I want you to know I acknowledge the struggle you are having. Your thoughts, feeling and emotions around what you are experiencing are real. Depression and horrid negative thoughts fill out mind with doom and gloom. please know it is possible to change this around.

It takes a lot of hard work! I wanted other people to do all of that work for me! In the end I realised I needed to do a lot of it for myself. Part of taking care of myself was using the phone support services and trying to put into action advice people had given me.

I hope you feel comfortable enough to use this space, to reach out to others and gain the help you need right now. Sharing how you are feeling, writing down what is going on in our minds can help release some of the strength of those negative thoughts.

Reading about other people's journeys and their recoveries may help you to see there is hope. Sophie and White Knight have offered you support. People here care!
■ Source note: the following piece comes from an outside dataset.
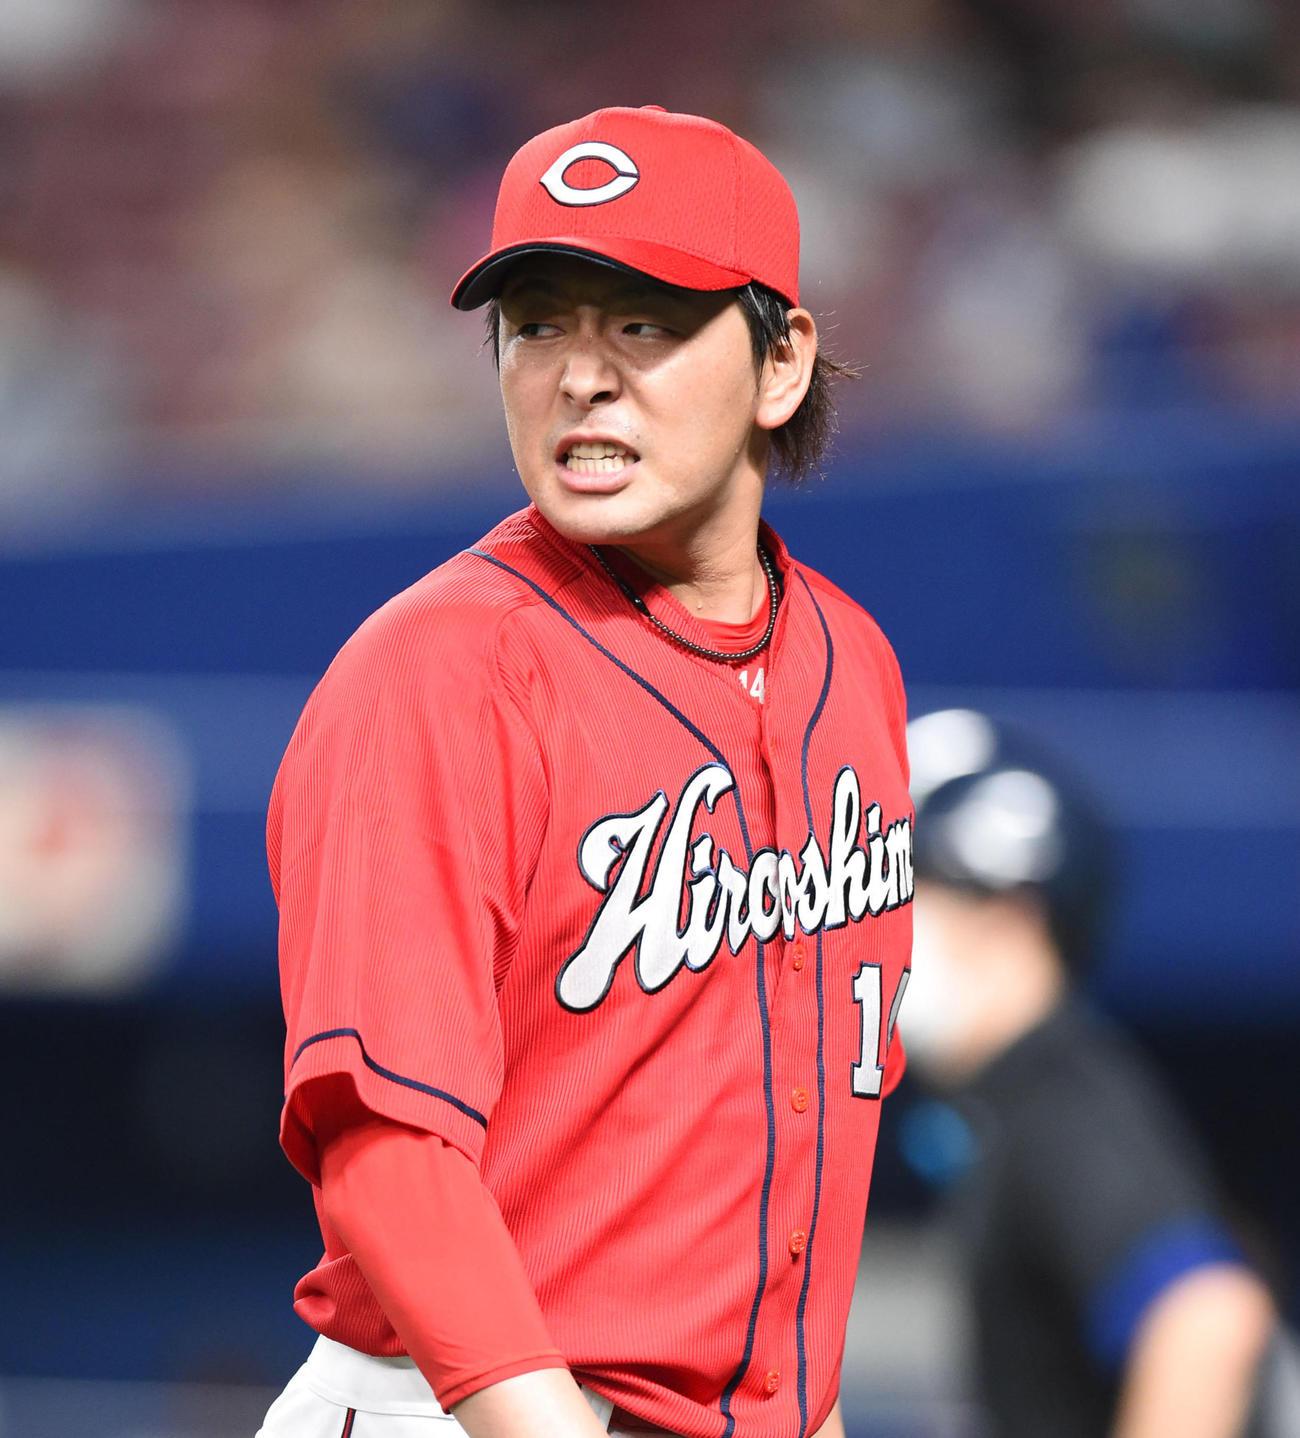 プロ野球中日対広島 5回裏中日攻撃終了、険しい表情でベンチへ戻る大瀬良大地(撮影・森本幸一)

Sending best wishes that you manage to find a glimmer of hope in your life! Regards from Dools

Warmth
Community Member
Hi Melishs We are all part of the one family! You have many parents, bothers and sisters and friends. You are not alone my Darling. We can all feel alone even sometimes even when surrounded by people! I love you even though we have not met. I personally find reading my bible and knowing we are all part of God's family encouraging. I have just said a payer of love for you right now Melishs. Pray and Trust. The maker of gigantic trees listens to our humble prayers. Gob Bless and take heart you are never alone.